* **Exercise goal**:
Once you find the line with "Frame, Clear Lens" in the entries below, print it and each line after it up to and including the line with "Justice League of", exactly, without pictures.

* **Record set**:
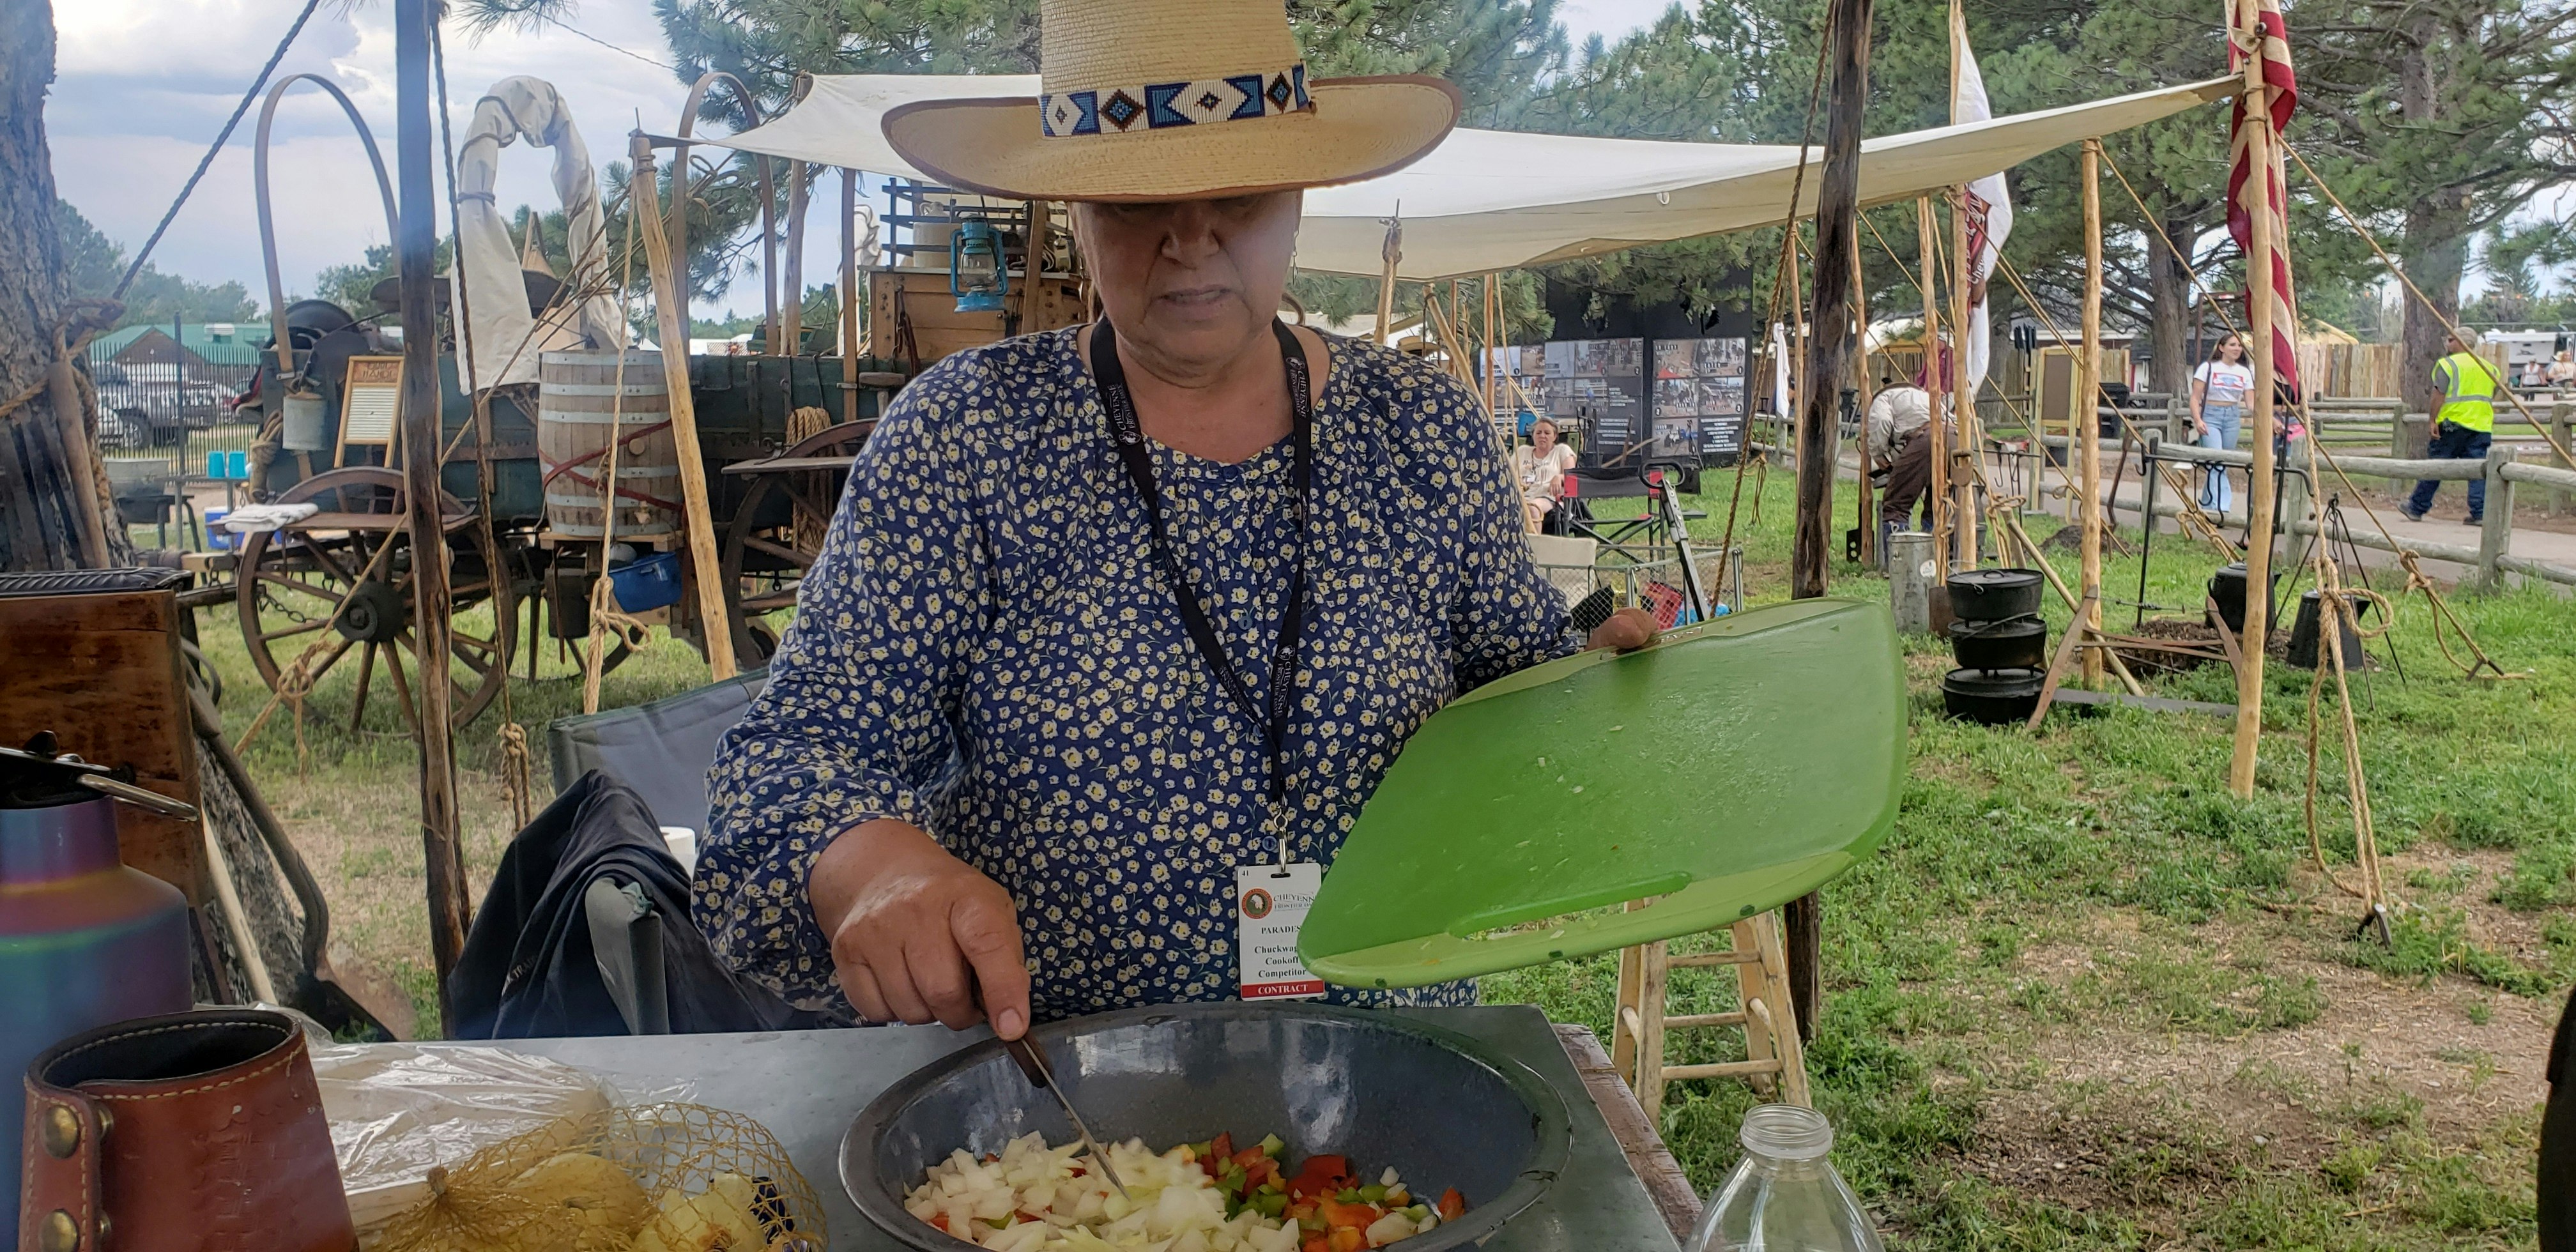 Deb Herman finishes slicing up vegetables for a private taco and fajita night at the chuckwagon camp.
...
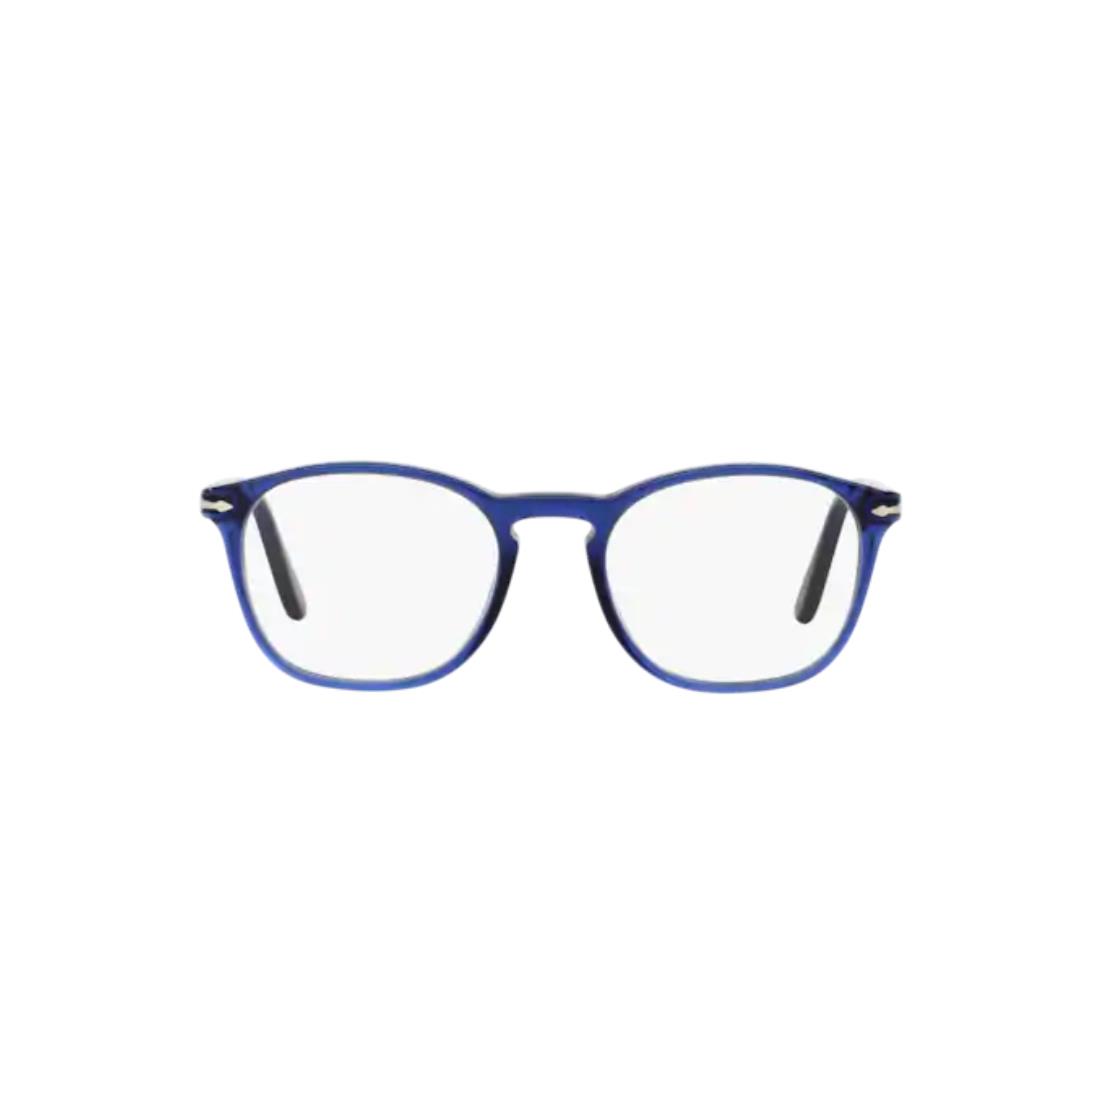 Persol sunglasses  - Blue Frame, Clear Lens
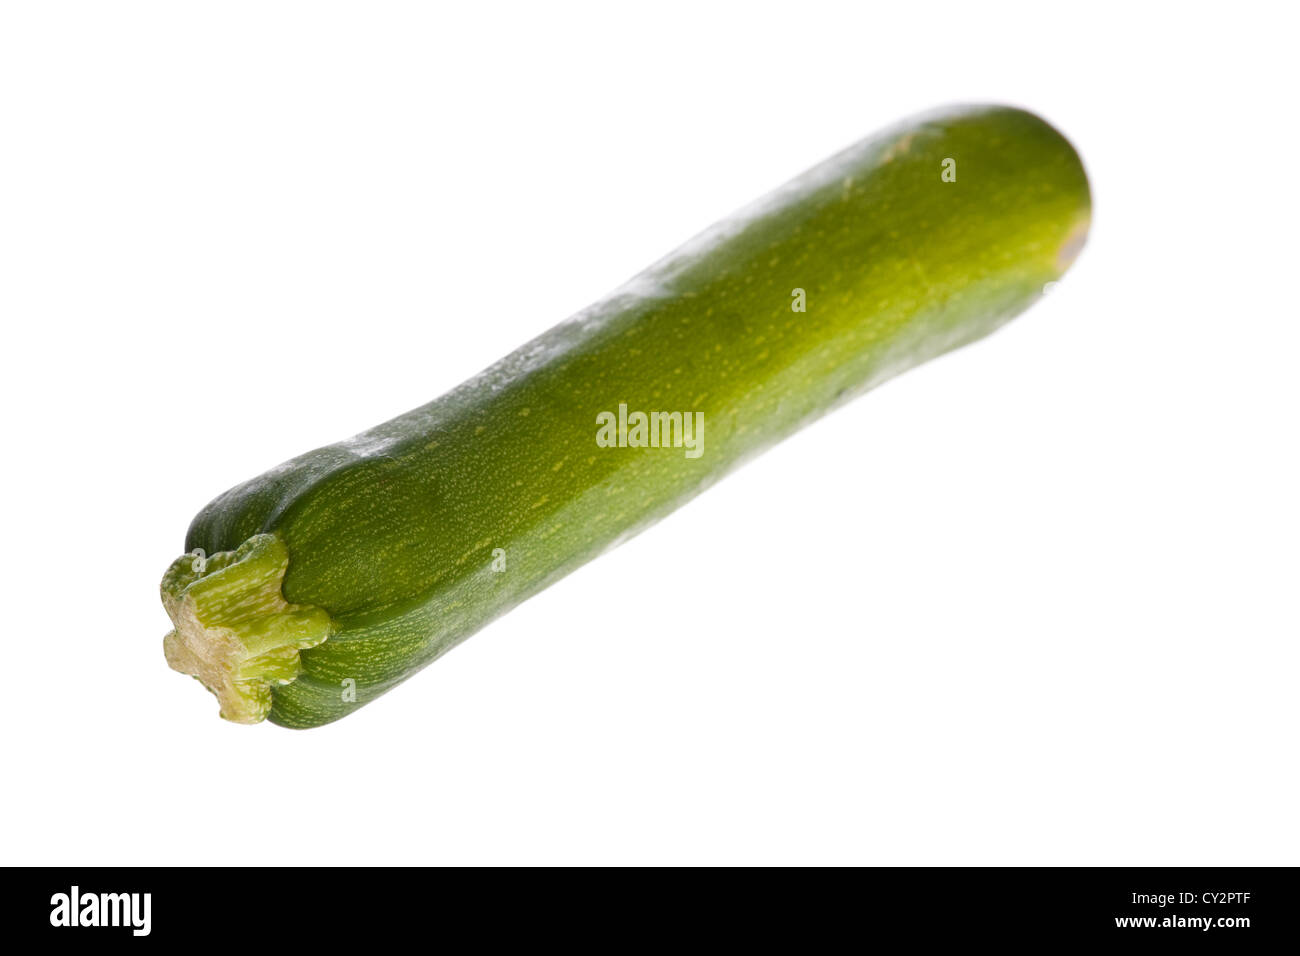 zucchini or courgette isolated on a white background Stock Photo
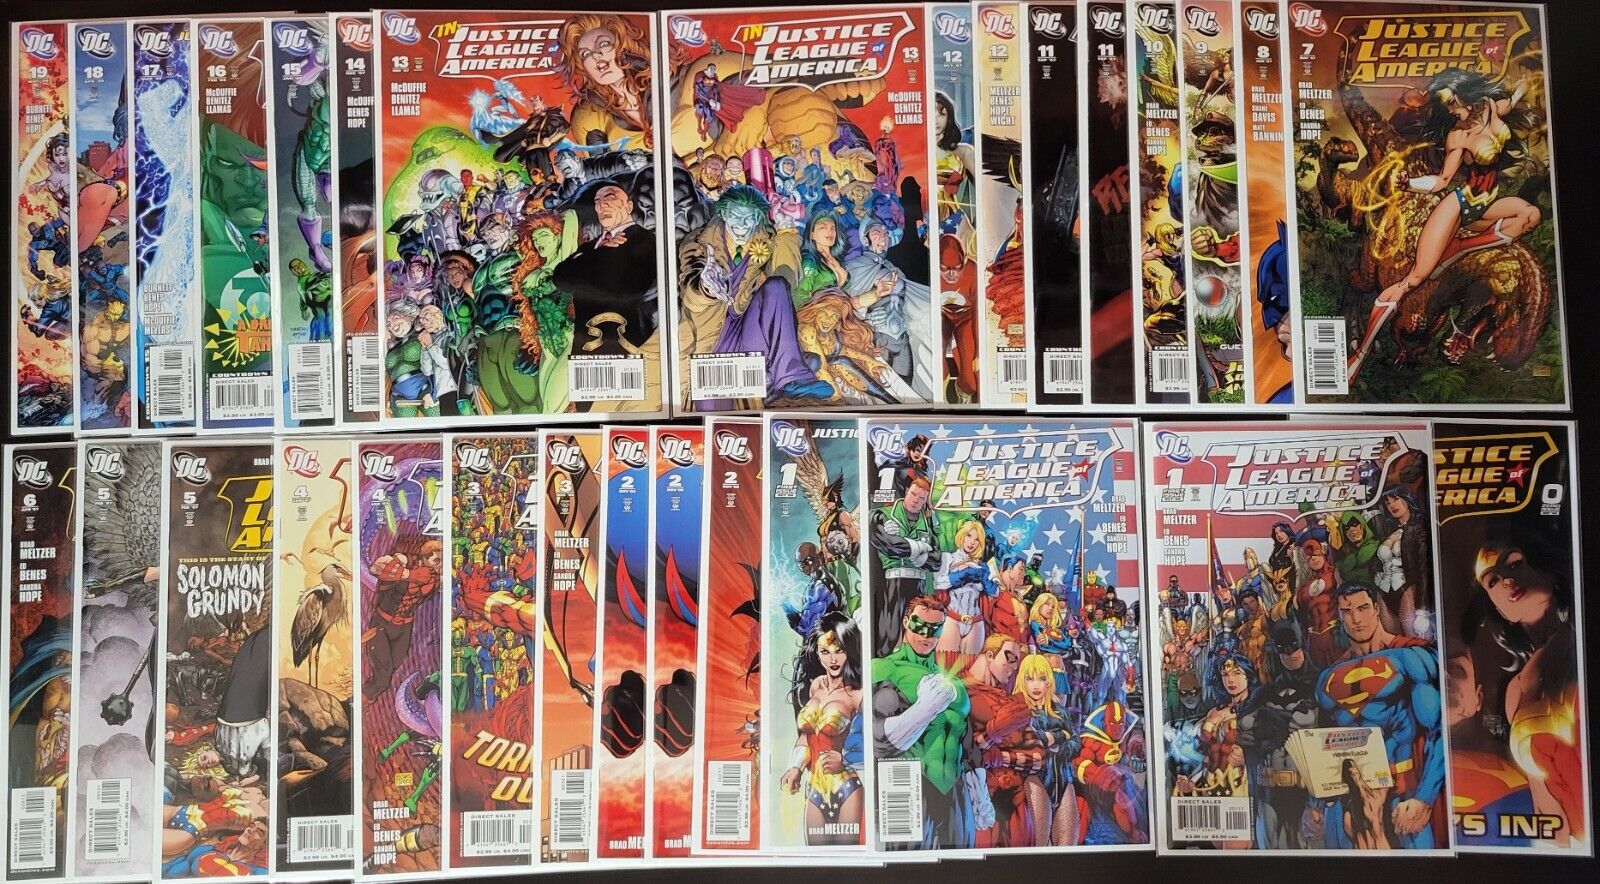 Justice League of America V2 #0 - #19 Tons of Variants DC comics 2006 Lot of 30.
---
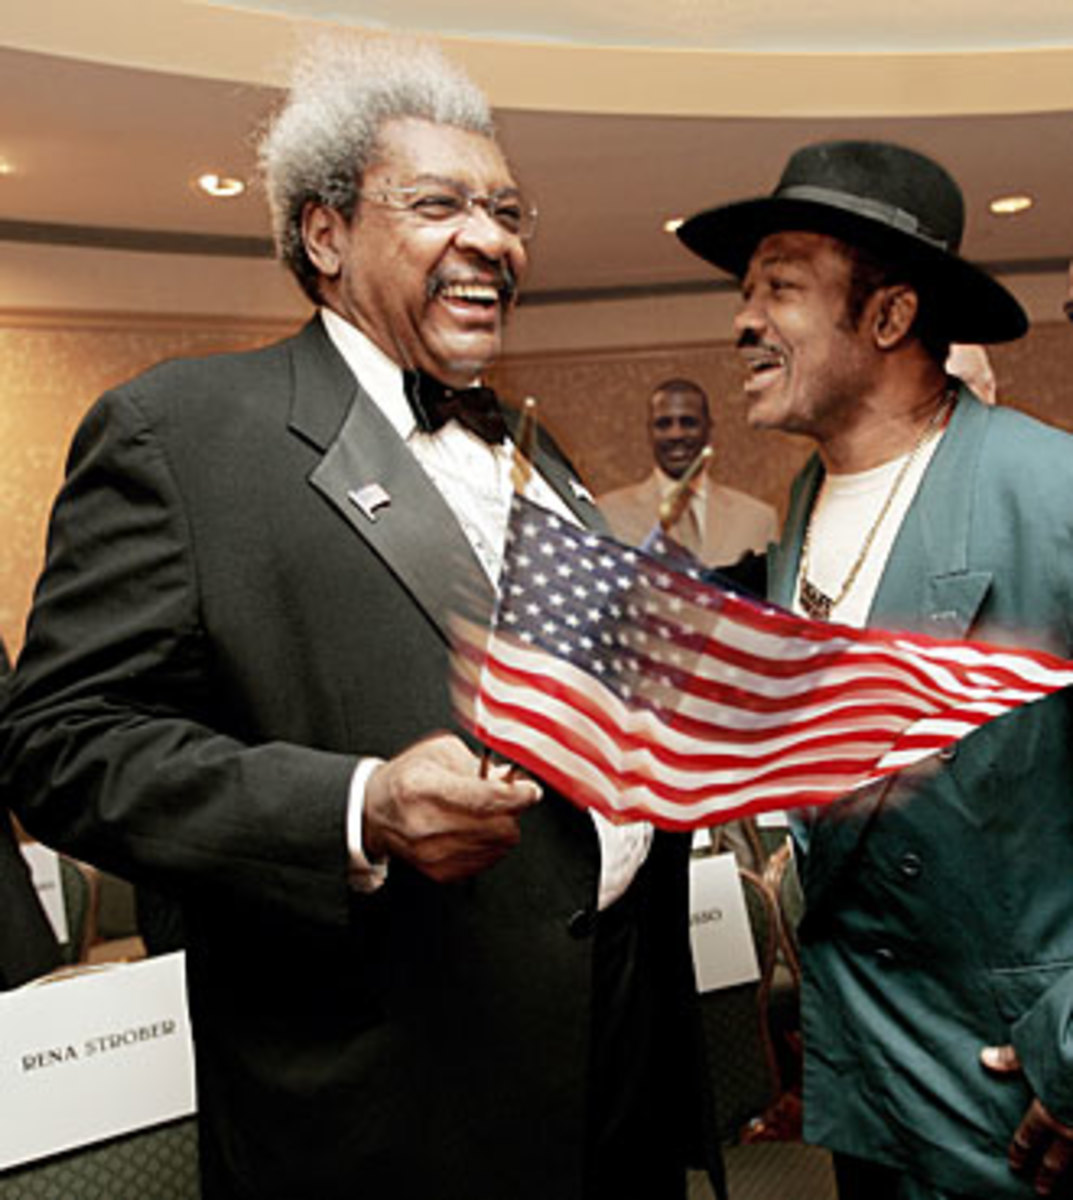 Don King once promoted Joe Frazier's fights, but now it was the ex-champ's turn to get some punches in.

* **Response to the exercise**:
 Persol sunglasses  - Blue Frame, Clear Lens
 zucchini or courgette isolated on a white background Stock Photo
 Justice League of America V2 #0 - #19 Tons of Variants DC comics 2006 Lot of 30.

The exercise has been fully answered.